**EXERCISE PROMPT:** From the line that contains "Knitting for Olive HEAVY Merino - Slate Gray" through the line that contains "Wet Pavement (5006-2A)", output every line of the listing below exactly and leave out all the rest.

**DATA SUPPLIED:**
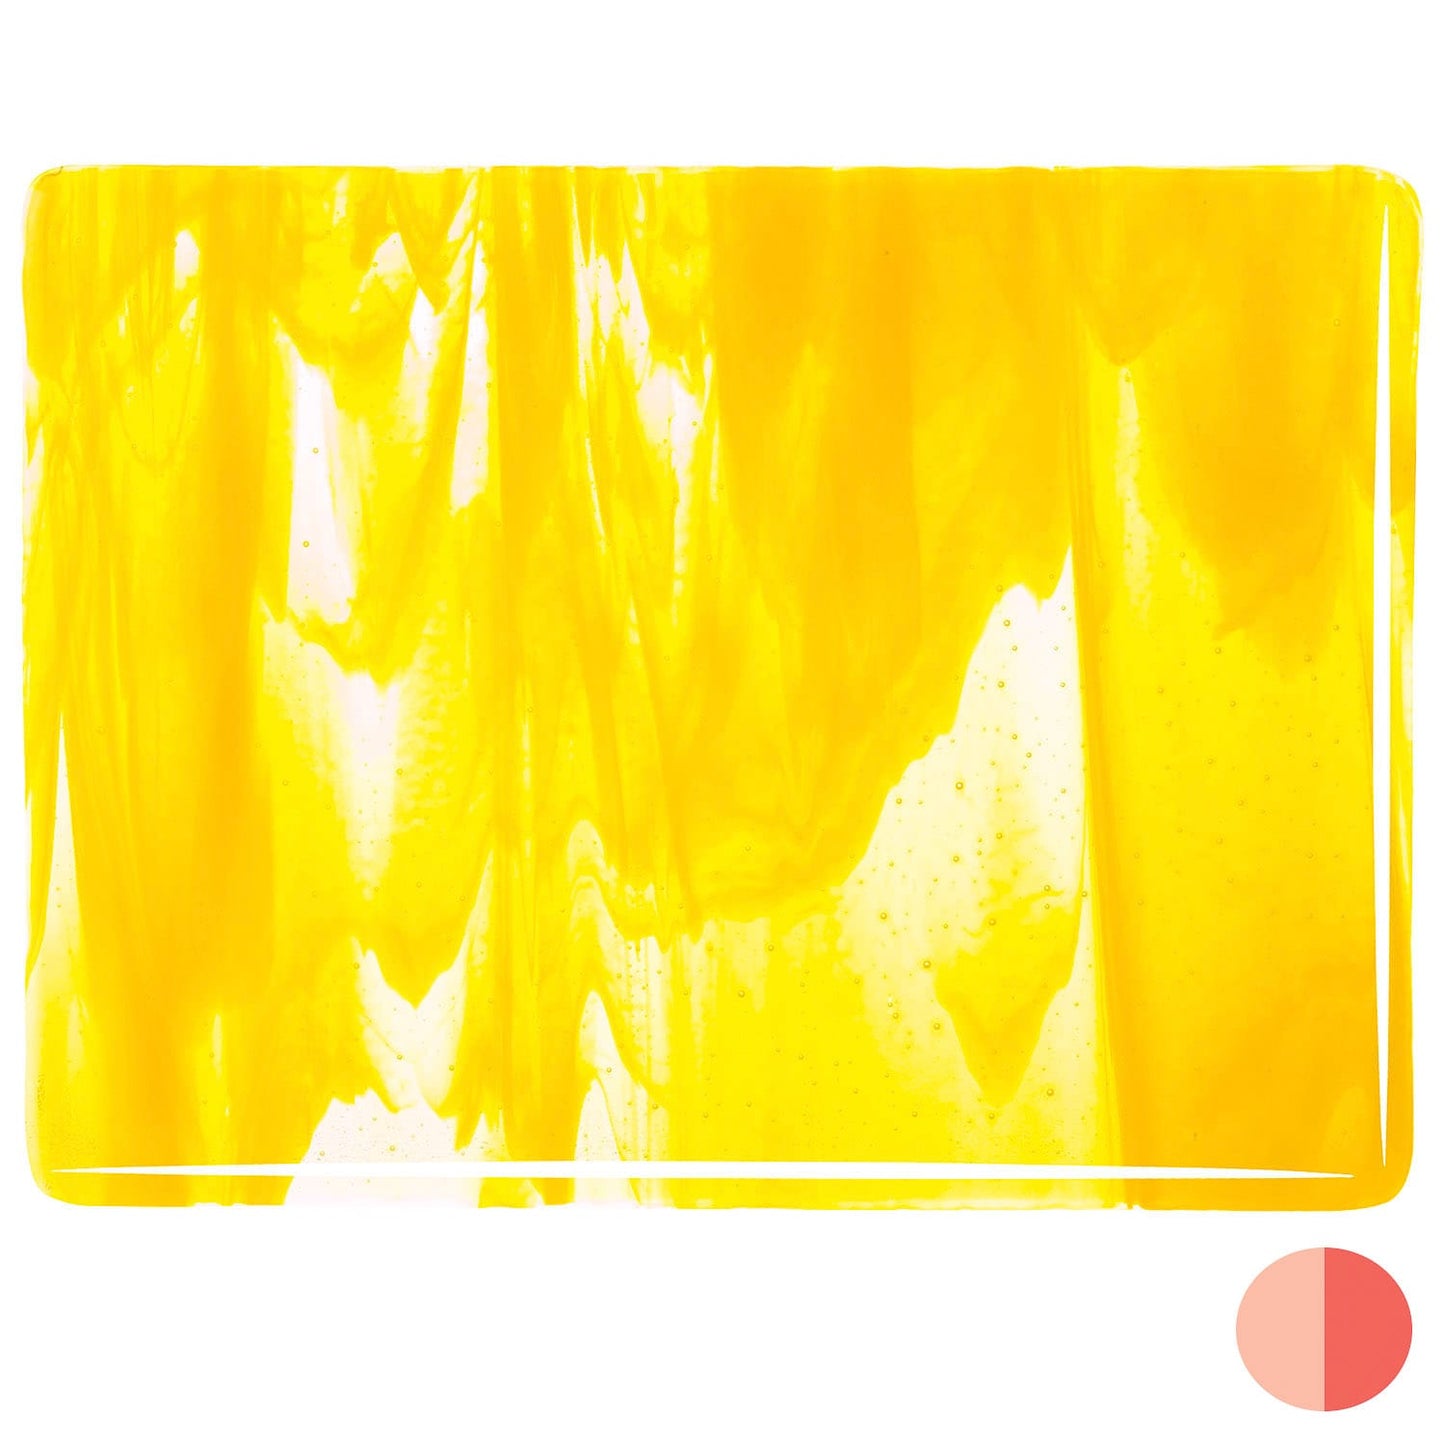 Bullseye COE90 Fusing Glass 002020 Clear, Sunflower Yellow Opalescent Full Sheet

--

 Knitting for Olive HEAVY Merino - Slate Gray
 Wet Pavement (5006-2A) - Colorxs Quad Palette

...

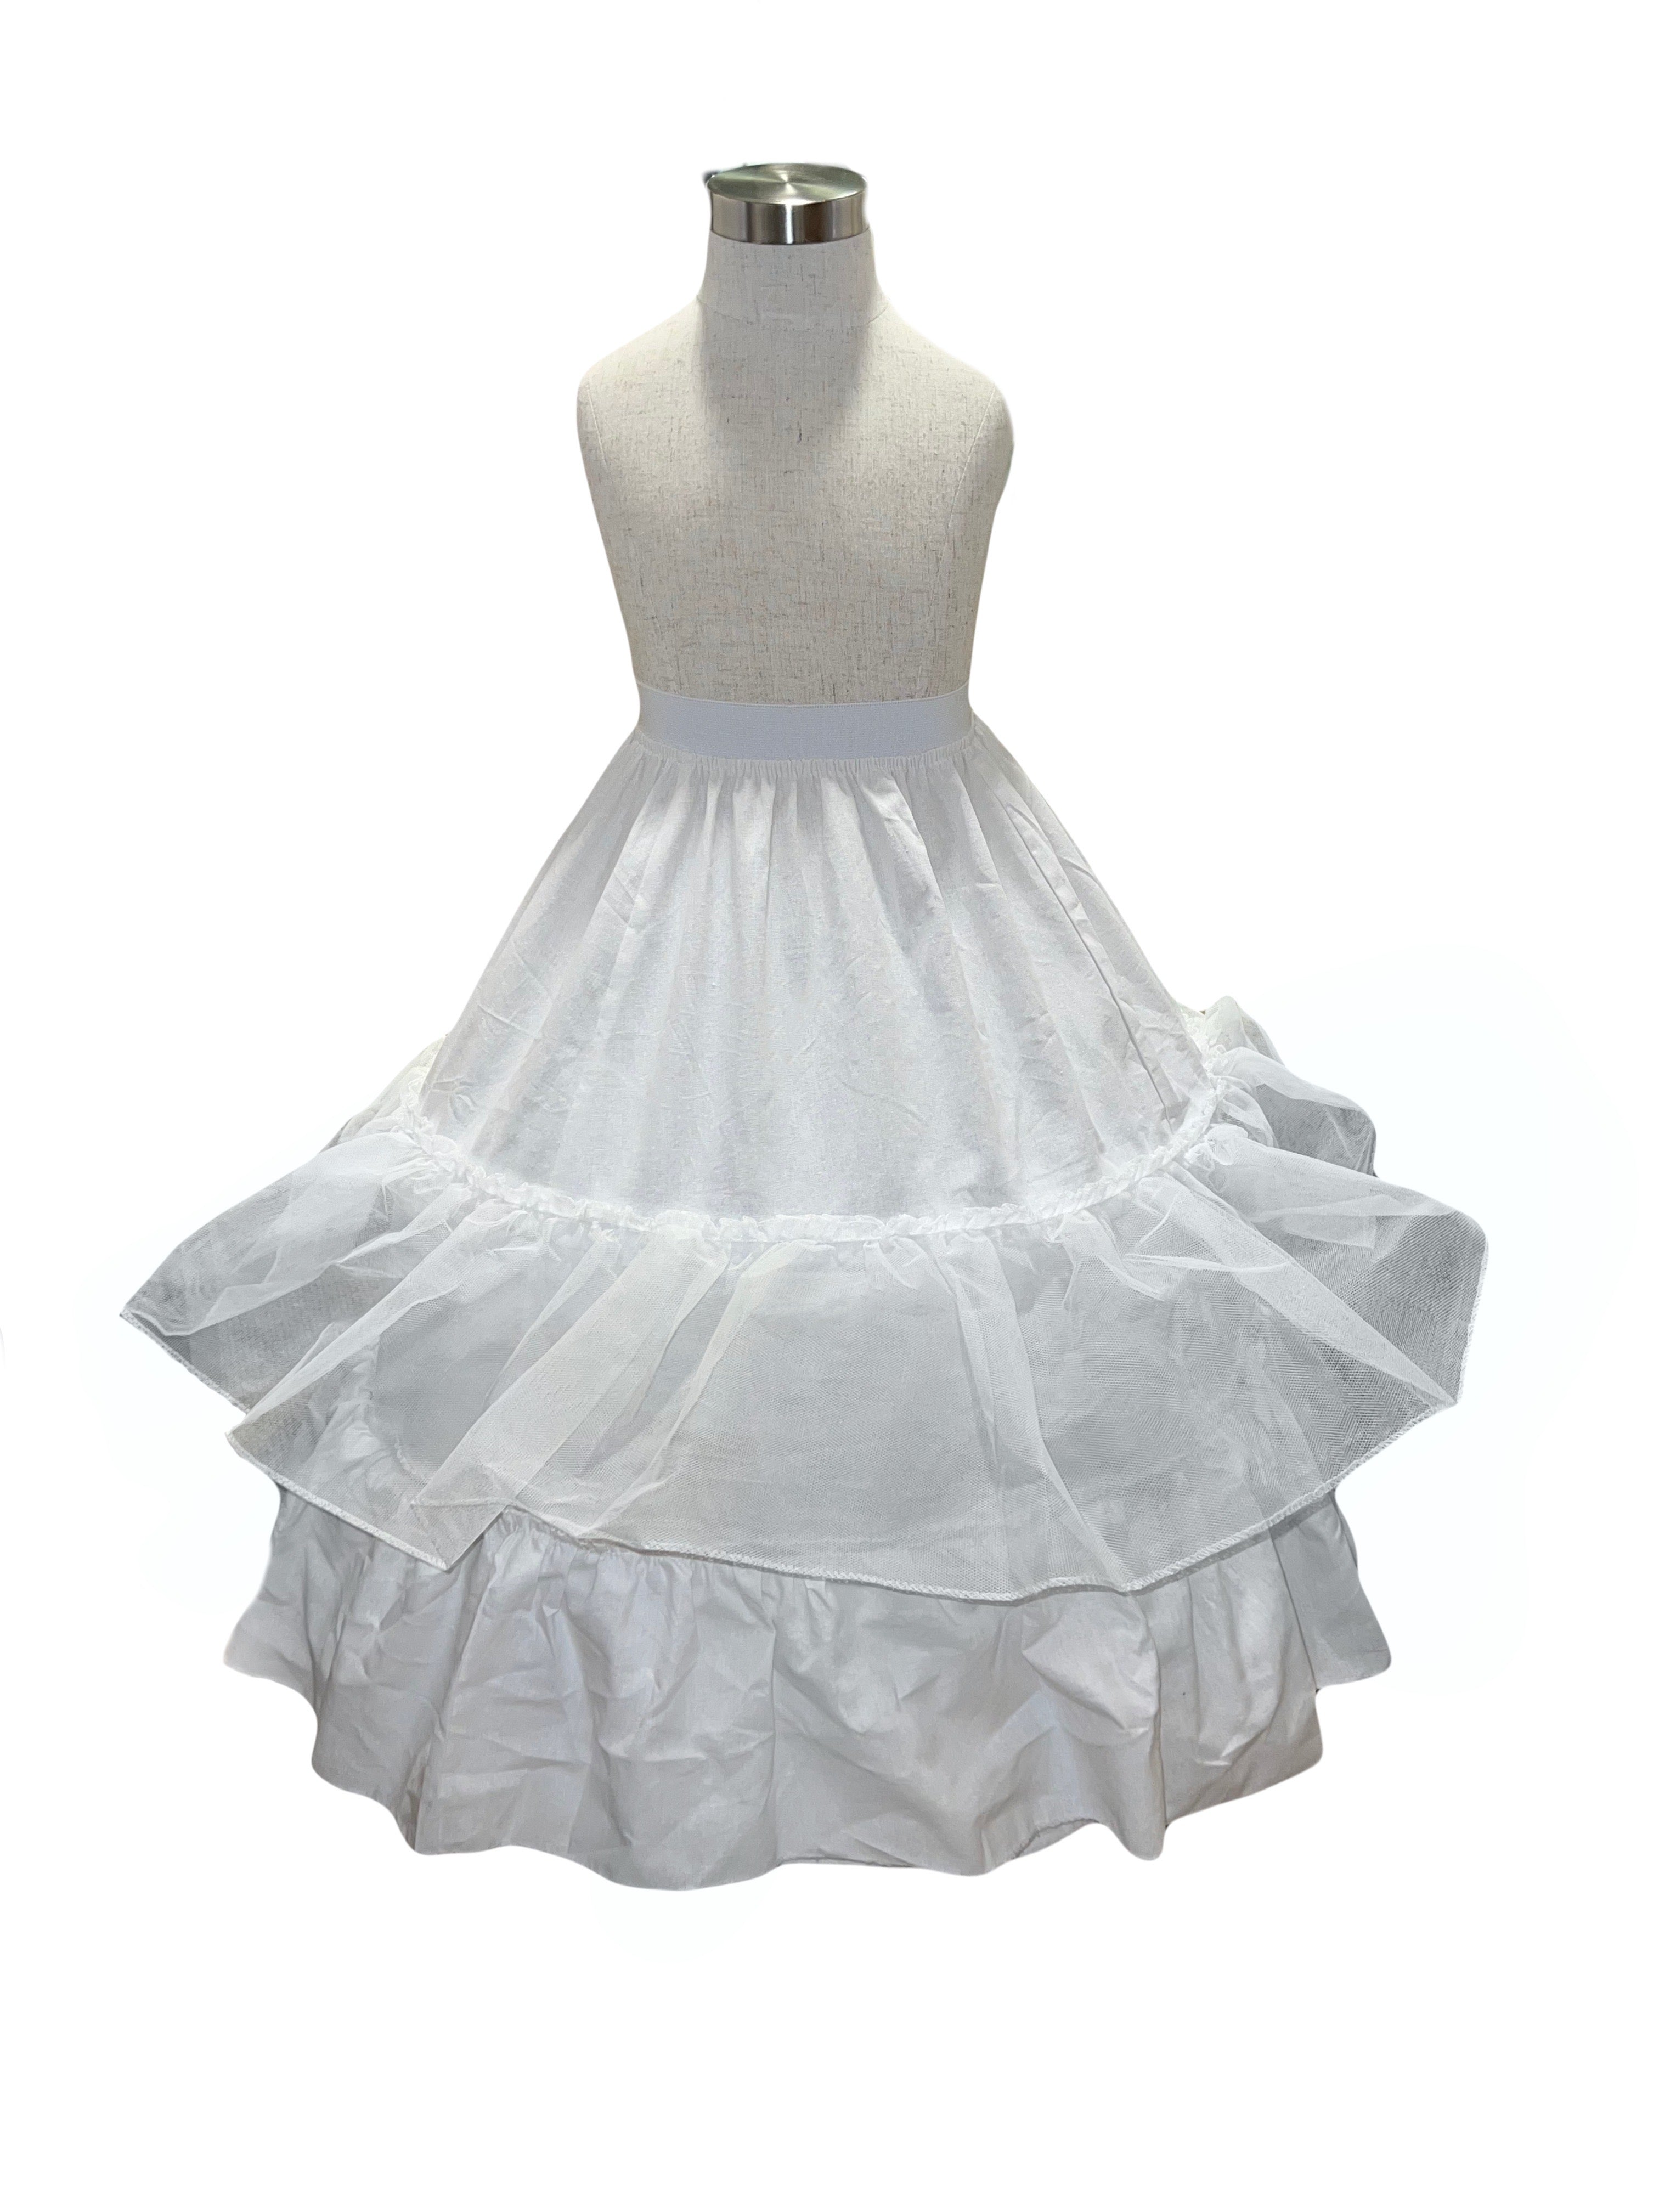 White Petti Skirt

**EXERCISE SOLUTION:**
 Knitting for Olive HEAVY Merino - Slate Gray
 Wet Pavement (5006-2A) - Colorxs Quad Palette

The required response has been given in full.